Transferencias celulares

Células procedentes de órganos de ratones donantes fueron suspendidas, lavadas e inyectadas por vía intravenosa en la cola de ratones receptores (NOD/SCID) (The Jackson Laboratory) de 4-6 meses de edad. Los ratones se monitorizaron una vez a la semana y fueron sacrificados para estudios histopatológicos y recogida de tejidos para análisis de ADN cuando se encontraban moribundos.

Ejemplo 1

Generación de ratones transgénicos

1.1 Generación de ratones transgénicos Sca-1+BCR-ABL^p210

Para examinar las consecuencias directas de la expresión del producto del gen BCR-ABL^p210 (fusión génica que se produce como consecuencia de la t(9;22)(q34;q11) y se asocia a leucemia mieloide crónica) in vivo el ADNc de la proteína quimérica humana BCR-ABL^p210 se clonó bajo el control del promotor pLy-6E.1 de ratón y se inyectó en oocitos fecundados de ratones C57BL/6J x CBA siguiendo el procedimiento previamente descrito en el apartado relativo a los "Métodos". Se obtuvieron 2 ratones fundadores transgénicos (Sca-1+BCR-ABL^p210) que demostraron su capacidad de transmitir el transgén por la línea de células germinales. La expresión del transgén se observó en ambas líneas y la progenie se multiplicó hasta el nivel F7 (Generación 7). La expresión del transgén se demostró mediante PCR y/o análisis Western blot. Ambas líneas celulares mostraron una expresión preferencial en células Sca-1⁺. La expresión del transgén se detectó tanto en ratones macho como en ratones hembra, encontrándose hallazgos similares en ambas líneas de los ratones transgénicos Sca-1+BCR-ABL^p210.

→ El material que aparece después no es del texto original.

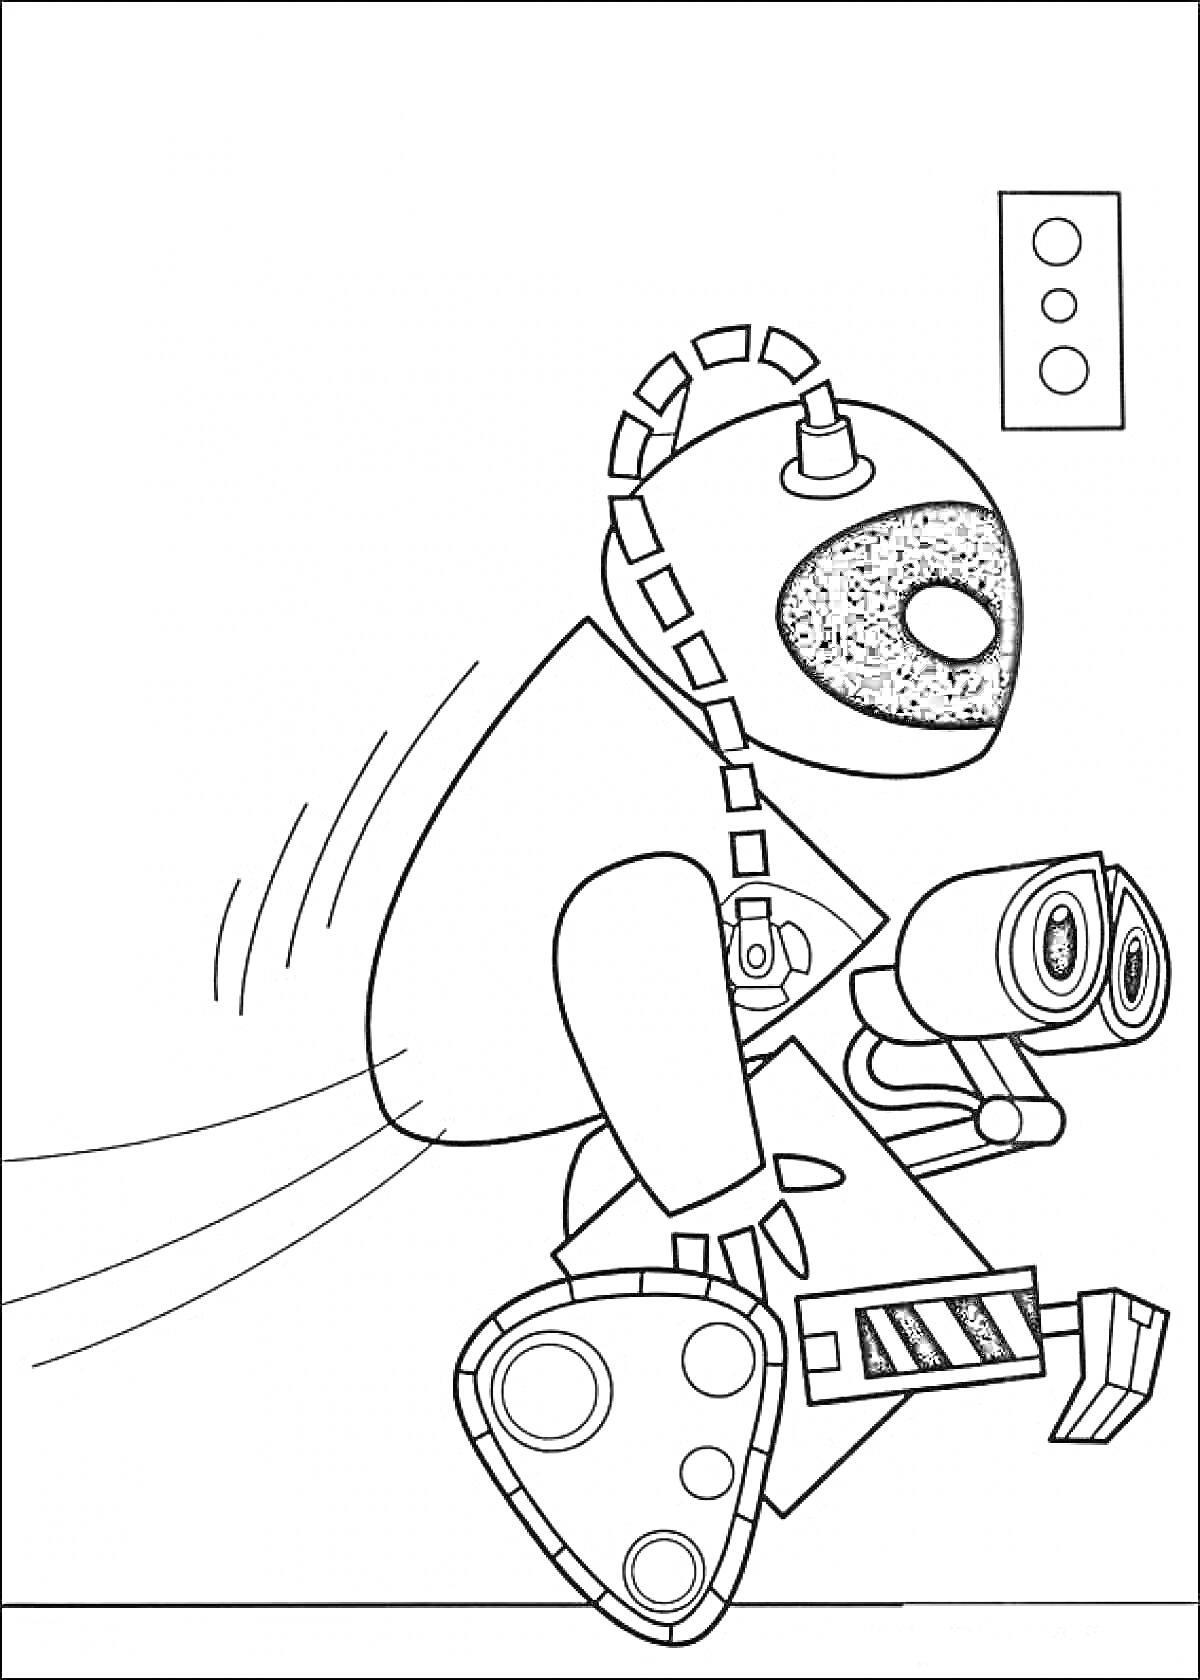 Валли и робот-спутник возле двери с кнопками

1.2 Generación de otros ratones transgénicos

Para examinar las consecuencias directas de la expresión de los productos de los genes BCR-ABL^p190 humano, Slug murino, Snail murino, HOX11 humano, RHOM2/LMO-2 humano y TAL1 murino in vivo los ADNc correspondientes se clonaron bajo el control del promotor pLy-6E.1 de ratón y las construcciones resultantes, previamente linearizadas, se inyectaron en oocitos fecundados de ratones C57BL/6J x CBA siguiendo el procedimiento previamente descrito en el apartado relativo a los "Métodos". Se obtuvieron 2 fundadores transgénicos por cada construcción que demostraron su capacidad de transmitir el transgén por la línea de células germinales. Procediendo de esta manera se obtuvieron los ratones transgénicos identificados como:

Sca-1+BCR-ABL^p190(desarrollan leucemia lin-foblástica aguda de estirpe B) [véase la Figura 3];

Sca-1+Slug (producen migración de células stem hematopoyéticas pero no leucemias);

Sca-1+Snail (producen migración de células stem embrionarias pero no leucemias);

Sca-1+HOX11 (desarrollan leucemias linfoblásticas agudas de estirpe T);

Sca-1+RHOM2/LMO-2(desarrollan leucemias linfoblásticas agudas de estirpe T); y

Sca-1+TAL1 (desarrollan leucemias linfoblásticas agudas de estirpe T).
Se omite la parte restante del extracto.